The coast of Brazil is like the Nile in Egypt, or Broadway, the main thoroughfare, along which, if one travel it long enough, many faces will become familiar. There were half a dozen men on the Pará whom even I, accustomed to crawl along the land wherever possible instead of following the broad sea route of Brazilian travel, had seen before, somewhere, along the Avenida of Rio, at some theater in São Paulo, in the streets of Bahia or Pernambuco. If I had ever wondered, in my dust-laden, cinder-bitten, often broken journey from the Rio Grande of the South to the different one of the North, how Brazilian ladies, or the more finicky of their male contemporaries, traveled from one city to another, here was the answer. They took to the sea, either in one of the foreign ships that ply up and down the coast, or in the sometimes no less luxurious steamers of their own national line.

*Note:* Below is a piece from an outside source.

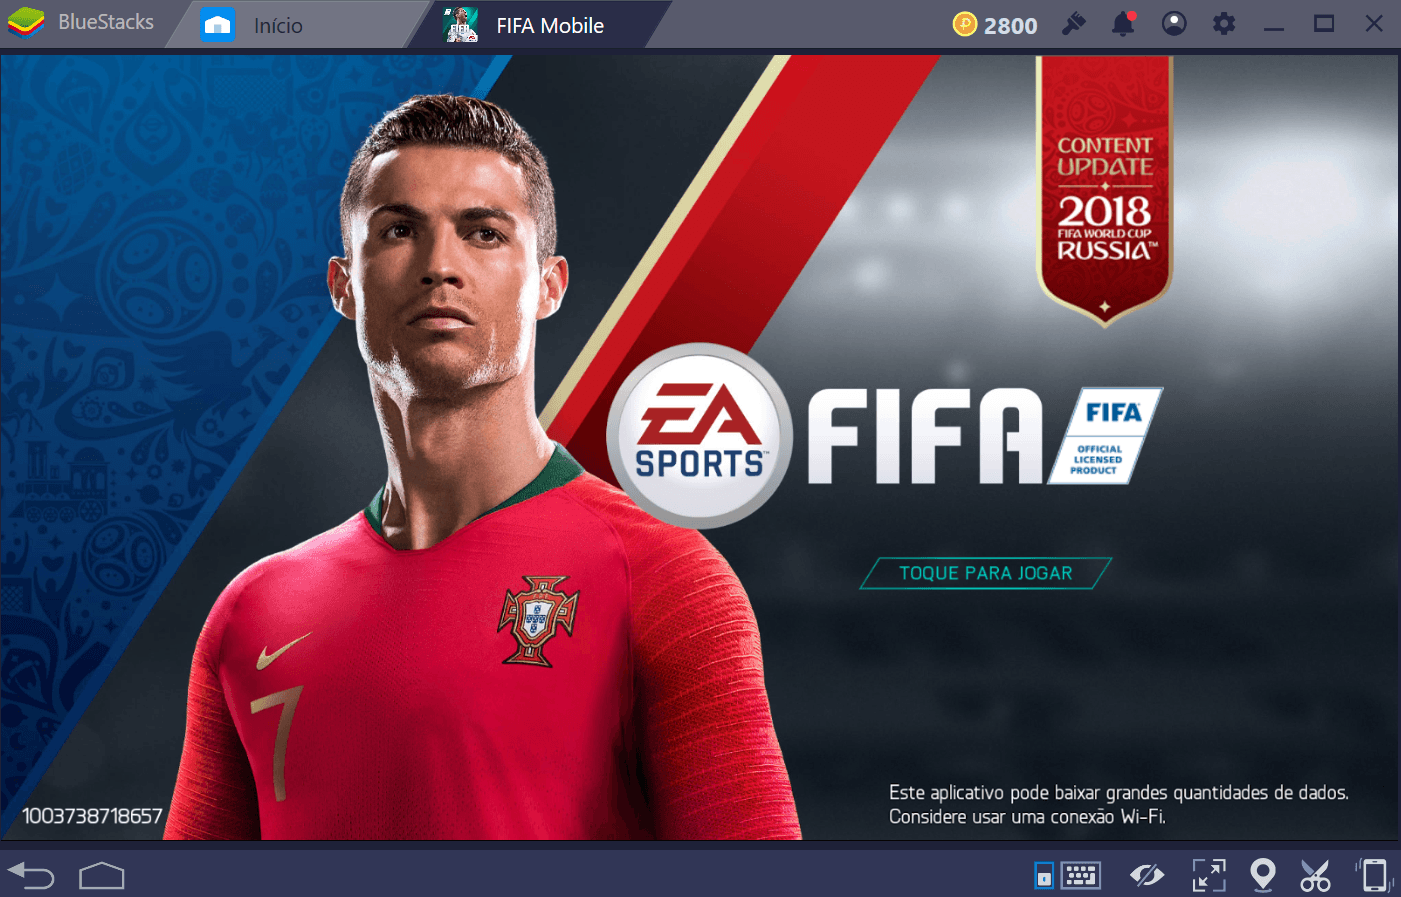 Como Futebol FIFA: FIFA World Cup (FIFA Mobile) entrega um game de futebol free-to-play

Ceará is the worst landing-place on the coast of Brazil, being no port at all, but merely a sandy shore, marked by a lighthouse far out on the end of a tongue of sand, and open to all the winds from off the North Atlantic. What it might be in bad weather was not hard to guess, for even with the slight swell of a calm and cloudless day the scores of heavy rowboats and freight-barges that came out a mile or more to meet us rolled and pitched like capering school-boys. That we would be ducked a few times in getting ashore was taken for granted, that being a common disaster in the port of Ceará.

My fears were rather for our outfit, which seemed on the point of being hopelessly smashed or dropped overboard before we got it lowered into one of the toy barges. At the shore end the landing facilities were even worse. A high and flimsy wooden wharf thrust itself far out to barge depth, and with the boat rising and falling twenty feet or more with every swell, half a dozen languid negroes, tugging at the extreme end of an often too-short rope, and liable, in their Brazilian apathy, to let go at any moment, slowly hoisted our old maroon trunks upon it. To have dropped almost any one of them would have meant the immediate canceling of the Kinetophone tour of Brazil.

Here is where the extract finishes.